This is why email marketing is broken

By David Card
Blog Post

When I think about the state of B2B email marketing in 2018, something seems broken. We’ve lost the vital human connection. Could relentless push to automate and optimize and A/B test and nurture and pixel and sales funnel ‘users’ to ‘convert’ be having the opposite effect?

At first, it all seems like a good idea. Track users, optimize their journey. Drip feed them just the right content at statistically ideal times. Nurture them with email marketing over the finish line. A whole industry, our industry, is built around this. Follow the tried and true methodology – let the algorithms do the rest.

But, the problem is, people have caught on to the game.

You see, we’re dealing with the most skeptical audiences in history.  Decisions about brands are made in nanoseconds. People know when they are being drip-fed now.  We feel the sales funnel closing in around us and it creates buying resistance.

As a not-pure-B2B (but nevertheless relevant) example, I recently became a member at a major New York Museum.  I usually opt-out of any email campaigns immediately but I figured this was one time where it might be interesting to me to see what’s going on, possibly find some exclusive benefits, or an event I could attend.

So what happened? They squandered my goodwill by bludgeoning me with five emails in the first week.  Literally as I am writing this paragraph a sixth email just came in.

Who thought this was a good idea?

And, this is my point. Here you have a prospect, someone who actually wants to read your content, who’s interested, engaged, and feeling good about your brand.  Six emails and 168 hours later you’ve lost that prospect, because you are not thinking about the human on the other end of the continuum.

This is where human beings considering the motivations of other people can make a difference.  Here’s a breakdown of the five emails:
The obligatory Thank-You / welcome email (does it really have to be obligatory?)

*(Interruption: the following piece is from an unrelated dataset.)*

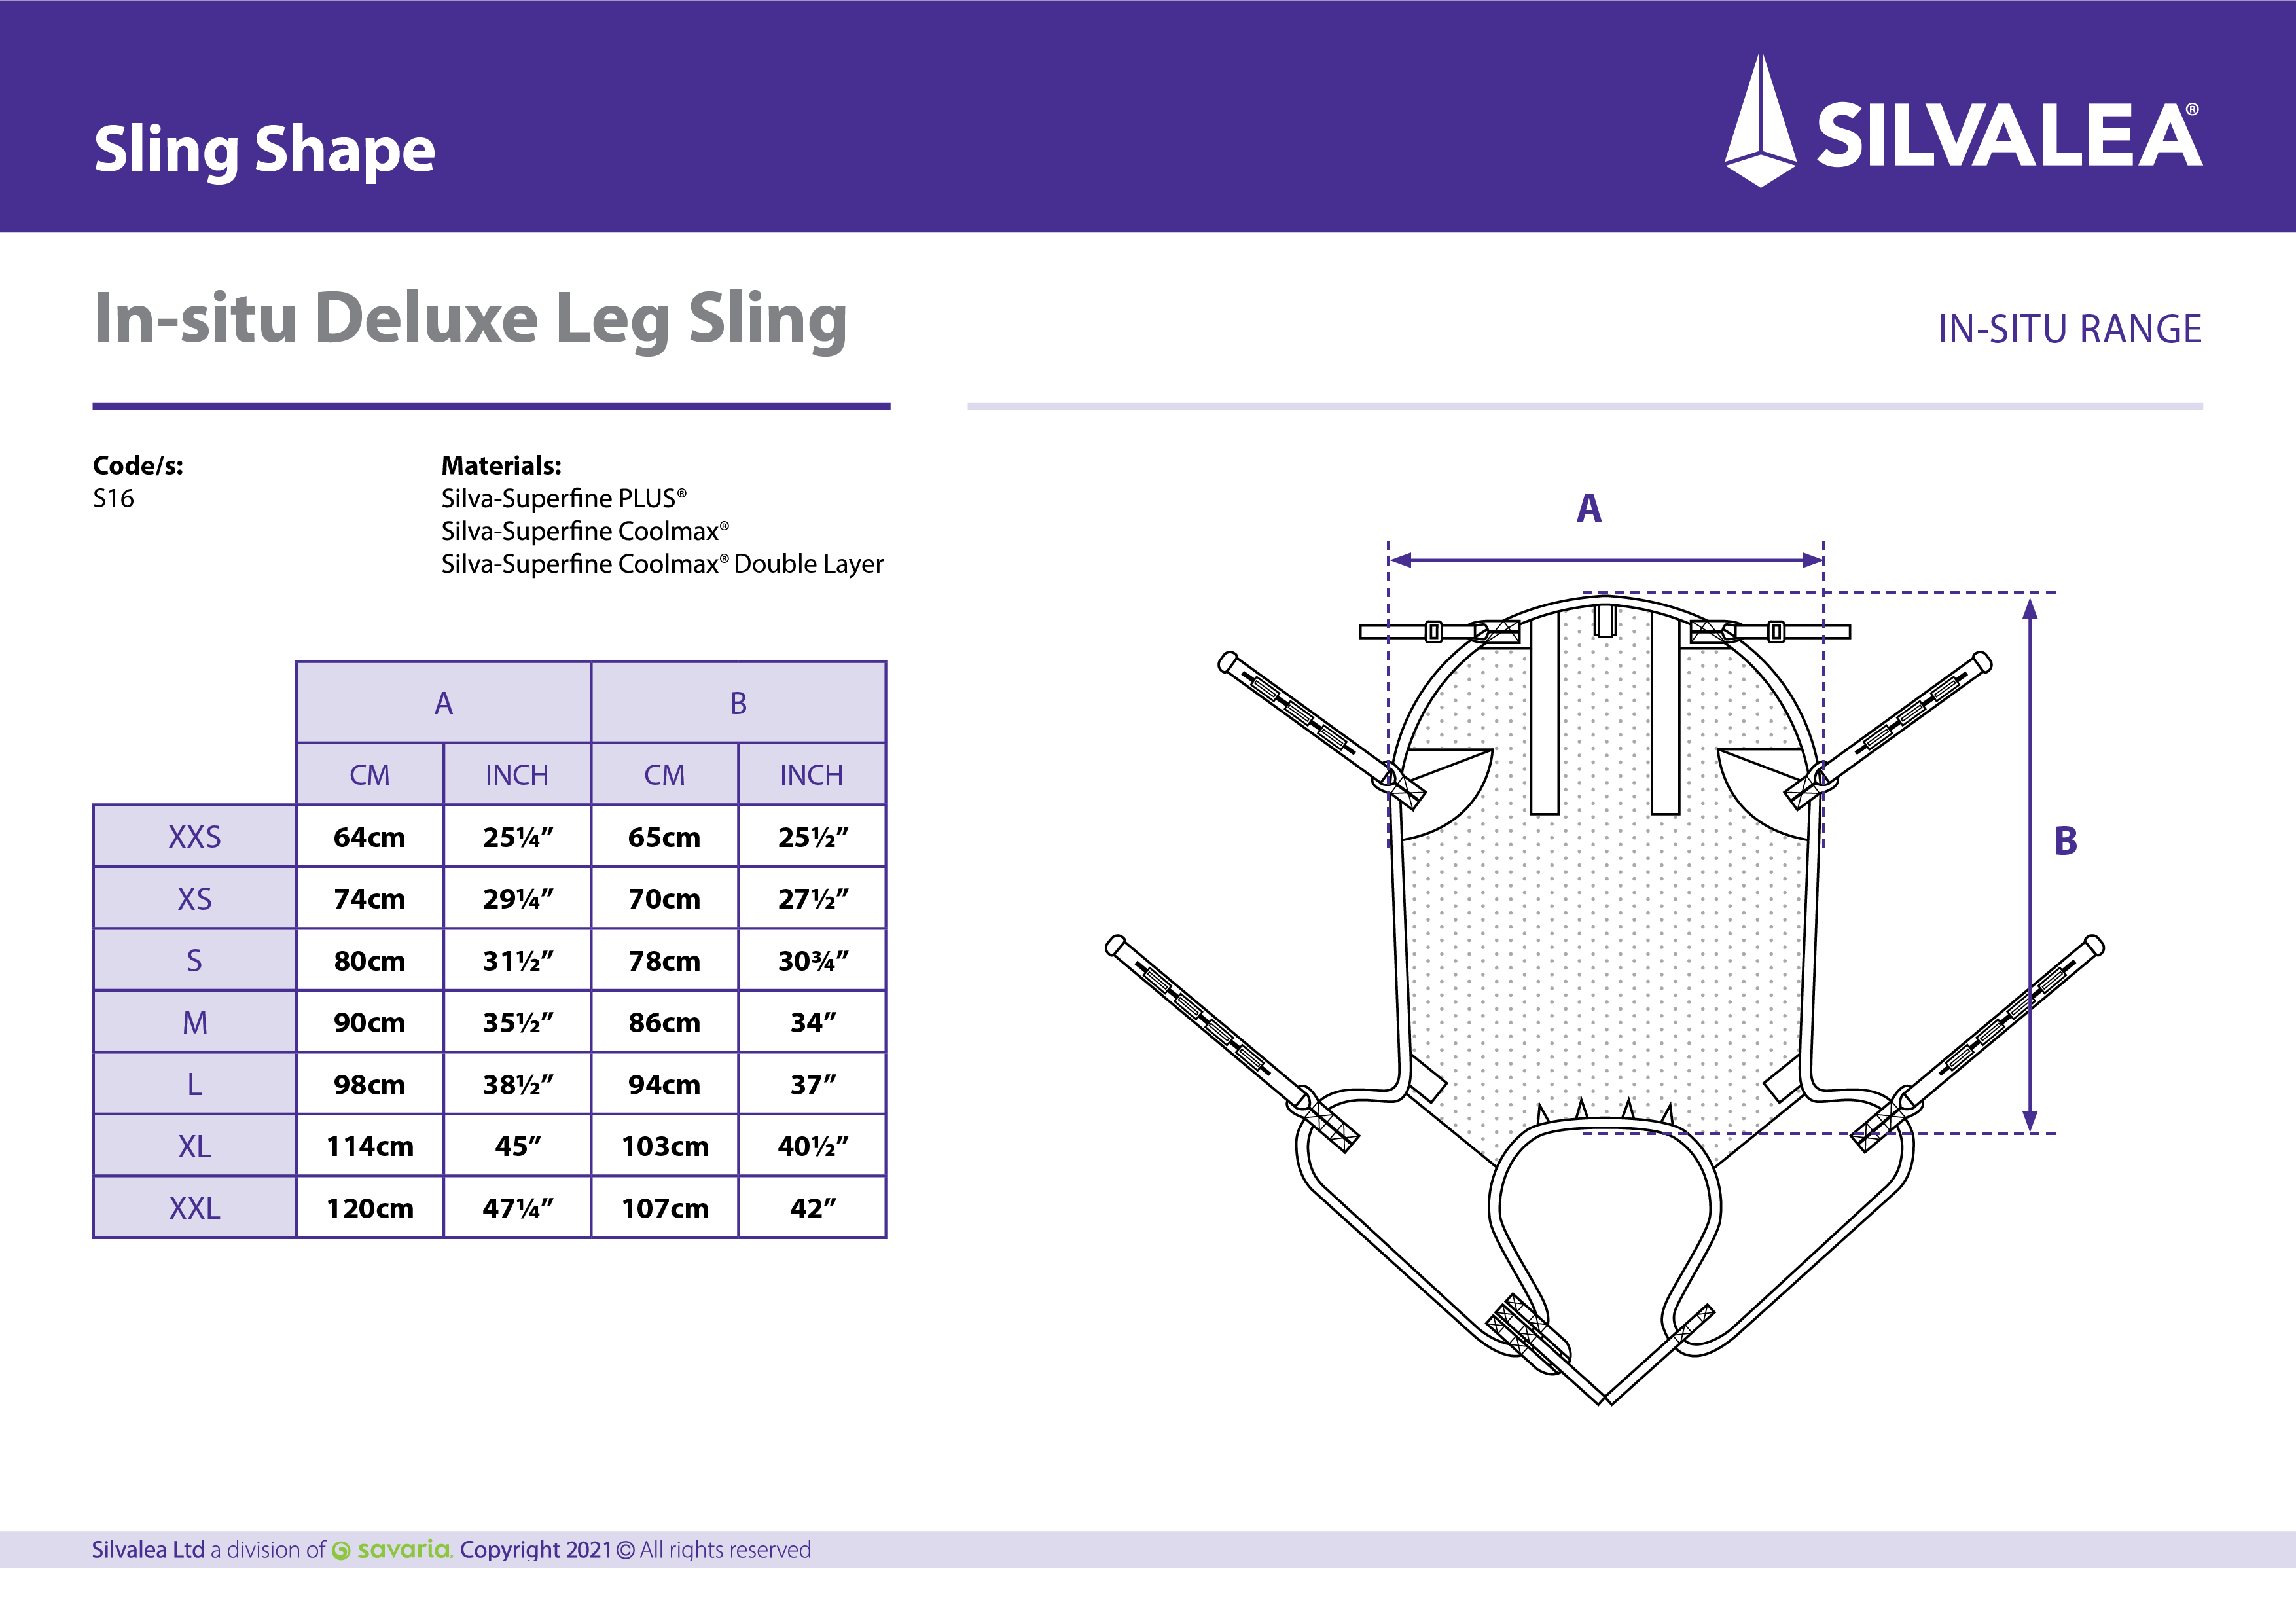 In-situ Deluxe Leg Sling Shape Guide

  1. A second, totally un-necessary Thank-You email
  2. A third email from the Director of Membership thanking me yet again for supporting their institution.
  3. A sales email to try and sell me on gifting memberships
  4. A notification about member after hours – finally something I might actually be interested in.
  5. A notification to mark my calendar for ‘exclusive member programs’ – potentially valuable, but greatly diminished in value due to the fact that it came less than 24 hours after the last bit of content.

But wait, there’s more. Those were only the emails from Membership Services. I also received (in the same 7 day period):

  1. A sales email from the gift shop (“top gifts are 20% off”)
  2. A “personal note” from someone, probably the Museum President, thanking me (for the third time this week) for being a member (for one week), along with “best wishes this holiday season”

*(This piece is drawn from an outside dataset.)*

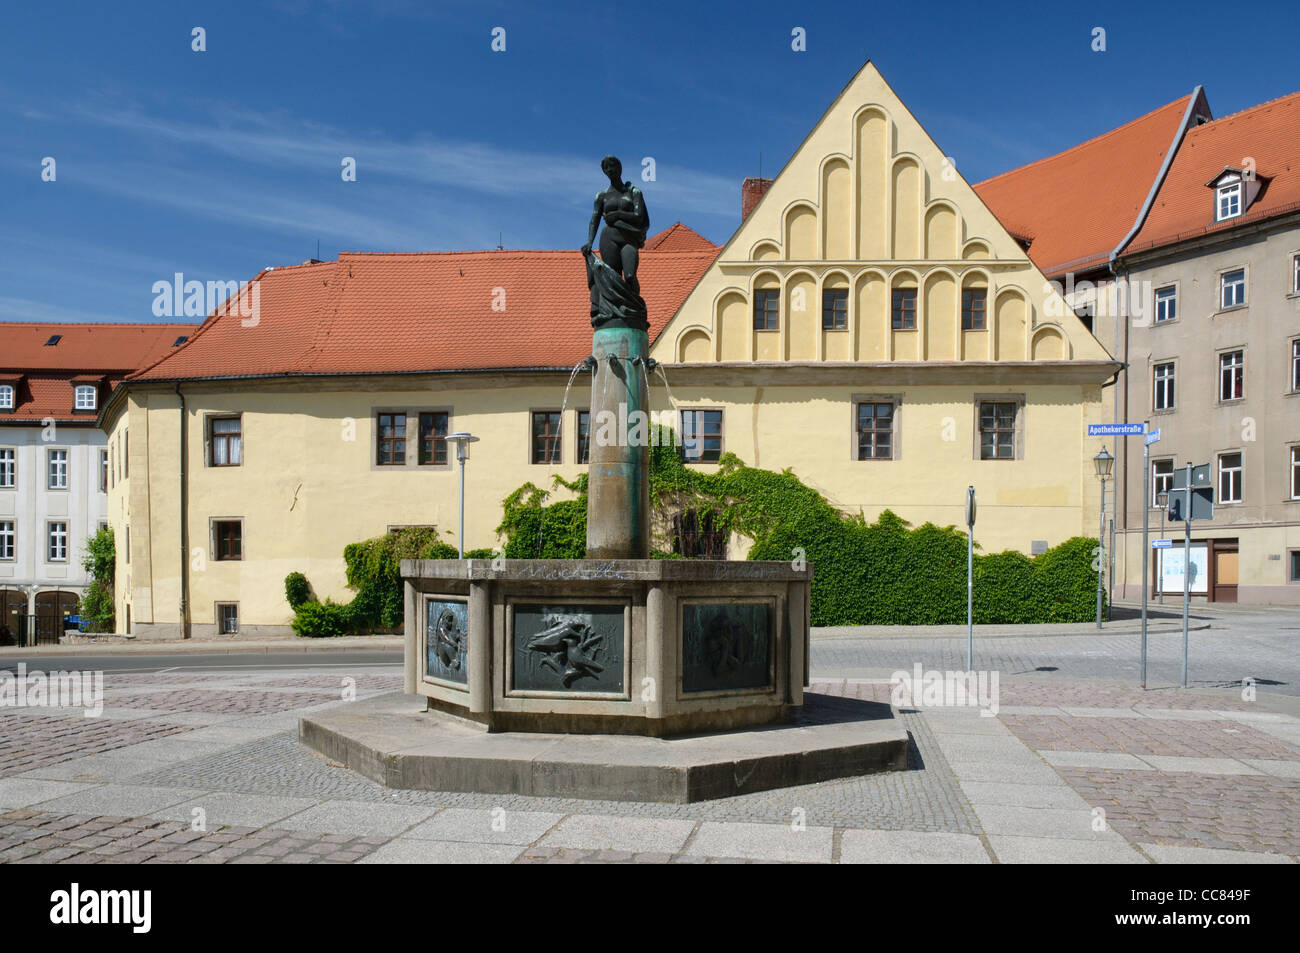 Fountain in front of Domapotheke pharmacy, Merseburg, Saxony-Anhalt, Germany, Europe Stock Photo

What should I do at this point?  What would you do? Odds are, they just lost a subscriber, some brand value, and a potential brand advocate.  All because their content marketing was asleep at the wheel, and the robots kicked out too many messages in too short a time.

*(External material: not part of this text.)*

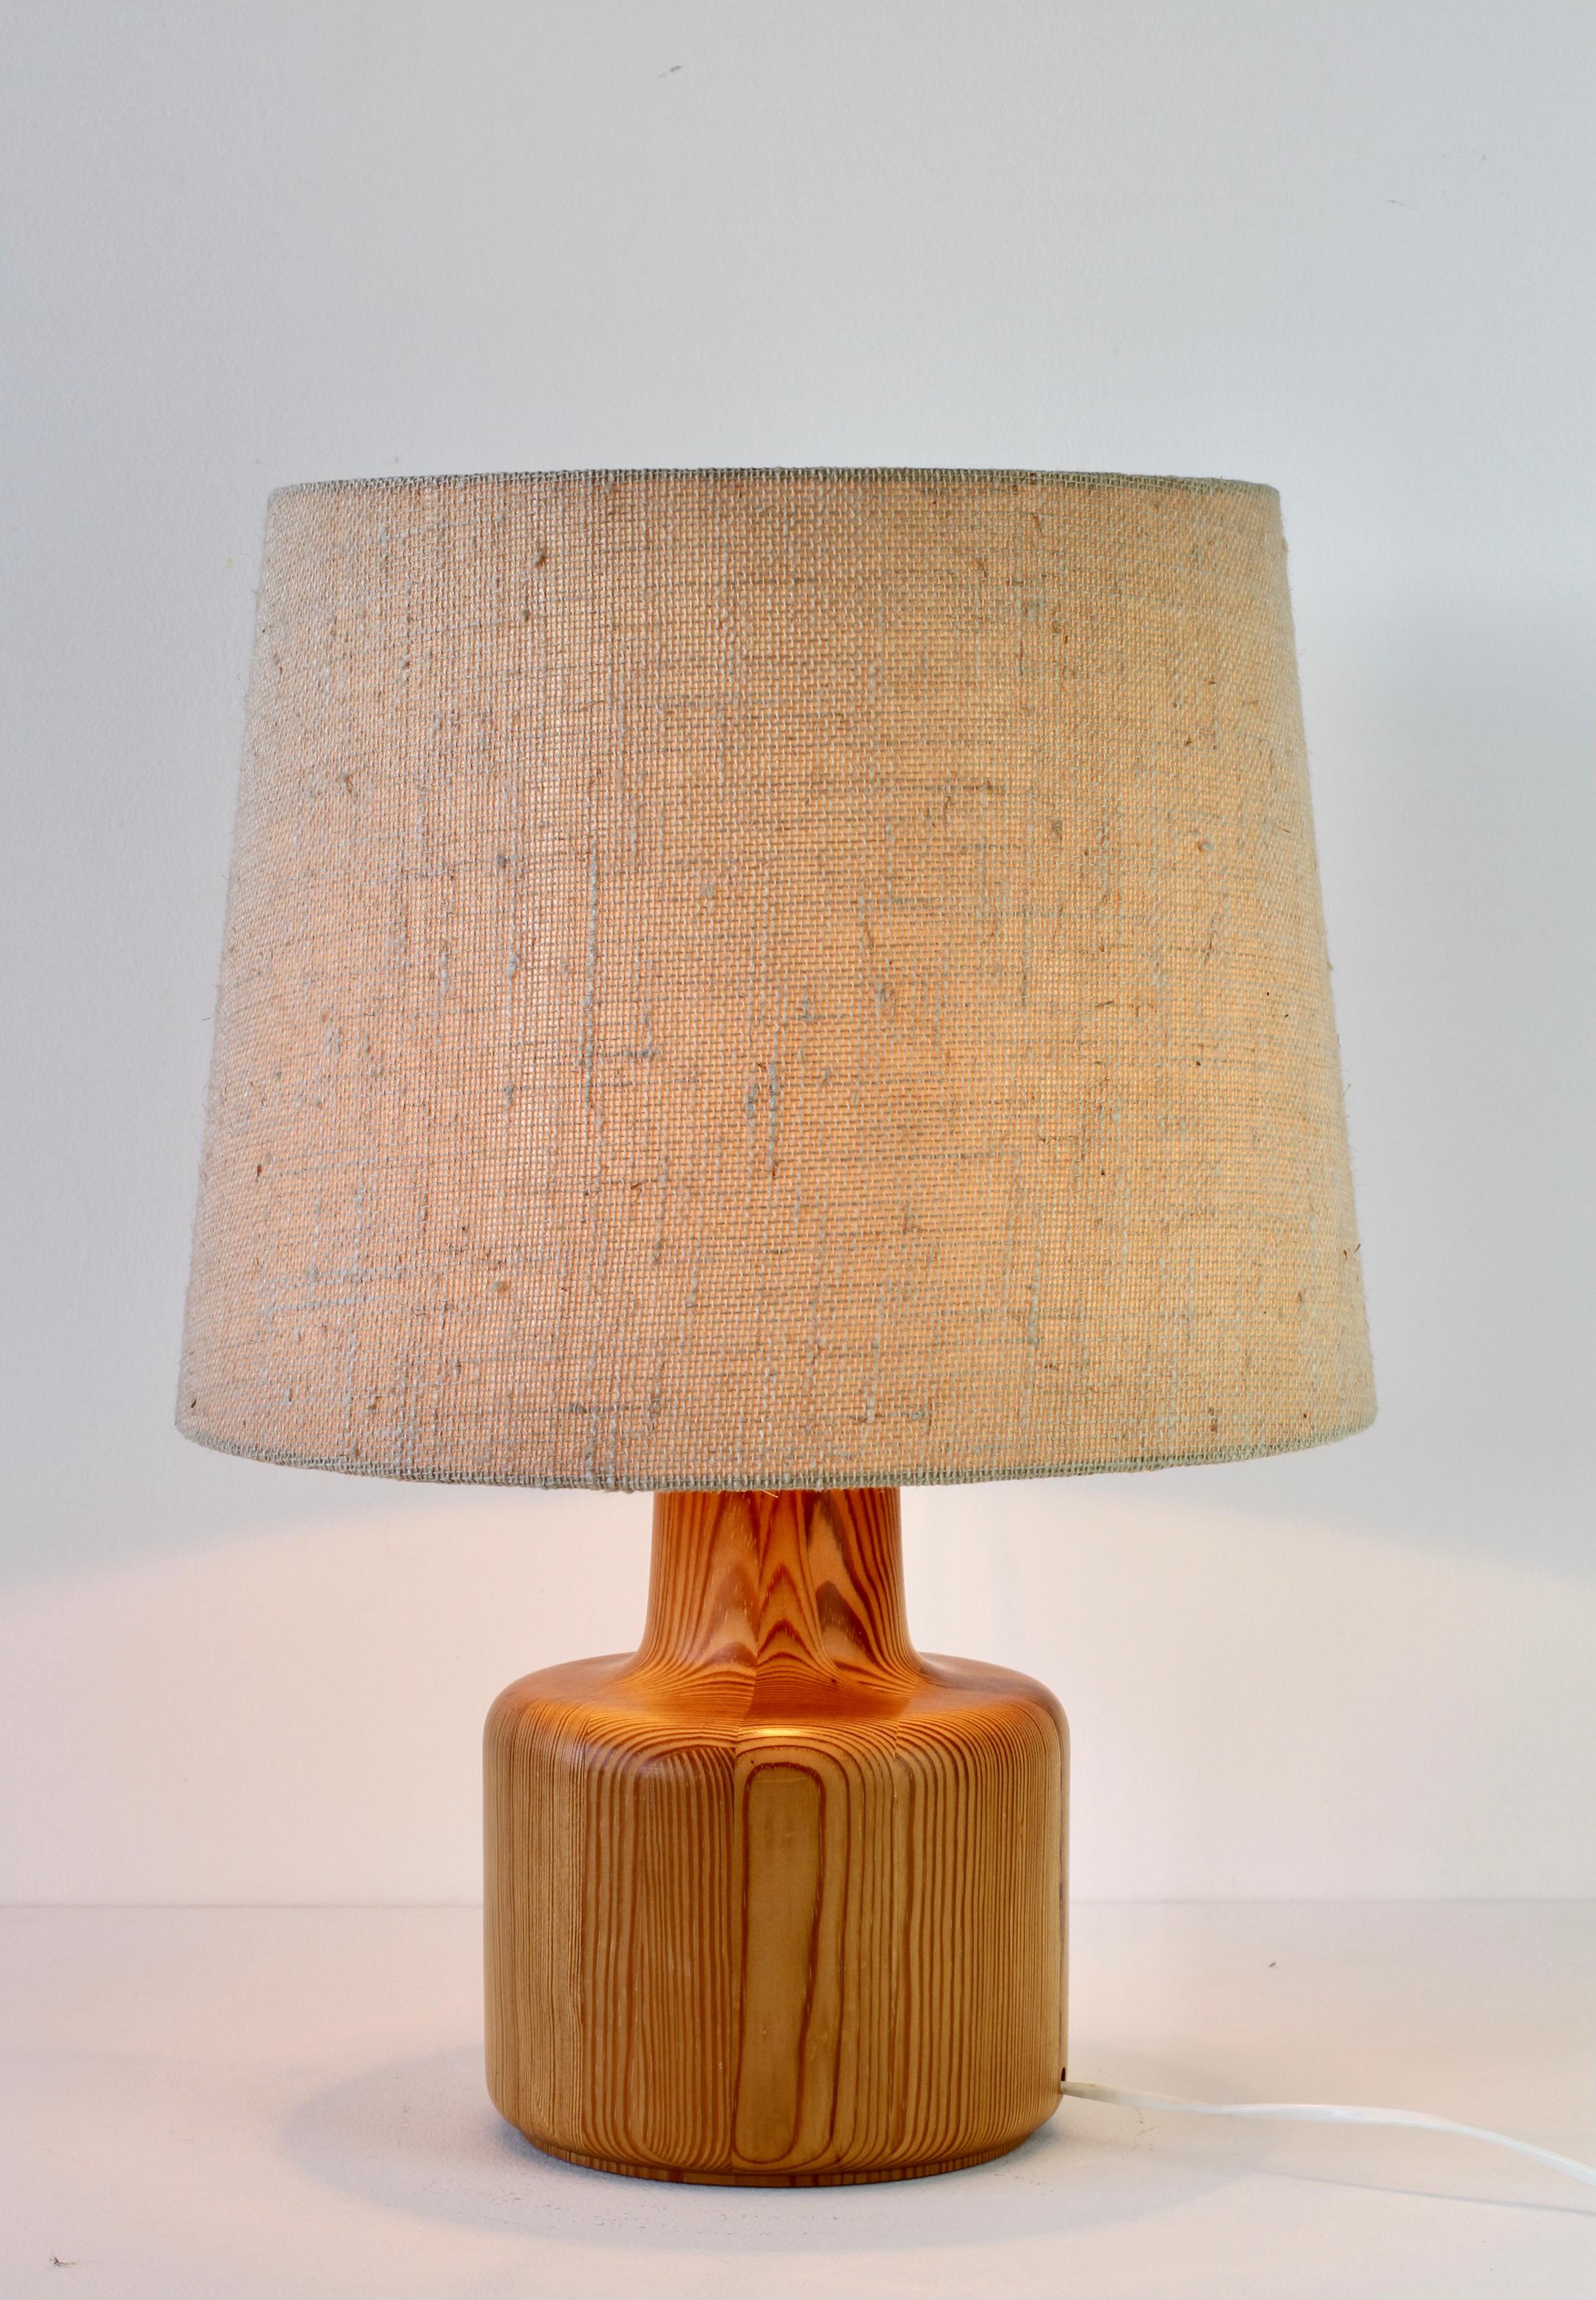 1970s Large Scandinavian Style Pine Wood Table Light Lamp Original Fabric Shade 9

How do you fix this? Apply a few core principles, and a little ‘common sense” thinking.

1. Opt-ins are gold.

You never squander them for any reason, ever. And, the number one sin is too many emails in too short a time. Don’t do it.  1-2 per month is ideal.

2. Test.

How hard would it be to simulate the journey I just travelled? Even a rudimentary simulation would have came to the conclusion that rule #1 was being violated.

3. Stop sending duplicate content.

I was thanked for my membership no less than four times in one week.  Great for my ego, not great for the brand.

4. Ask, “does this make sense”?  about everything.

Because everything matters.  Does it make sense to send the annual thank you letter to people who just signed up 3 days ago?  Is it possible to have a more customized system?  What if people who have been members for over 5 years got a letter acknowledging that and throwing them a unique benefit? What if my thank-you letter started off with “I know you just joined recently, but boy are we grateful”?

5. Don’t let multiple teams/ units over-post content.

You have to think of everything from your organization as one stream of content. In this example, Membership, Administration, Marketing and the Museum Store all had messages they wanted to get out, and the resulting fire hose did more harm than good. Coordinate your efforts or pay the price.

A recent ad campaign tagline for a sneaker company was “Be More Human”  That’s where we need to go for this to work.  Applying basic common sense, an ability to think like the person (not the ‘end-user’) on the other end of whatever content we are sending, taking a holistic view of all messages, and customizing content are just a few ways you can do this.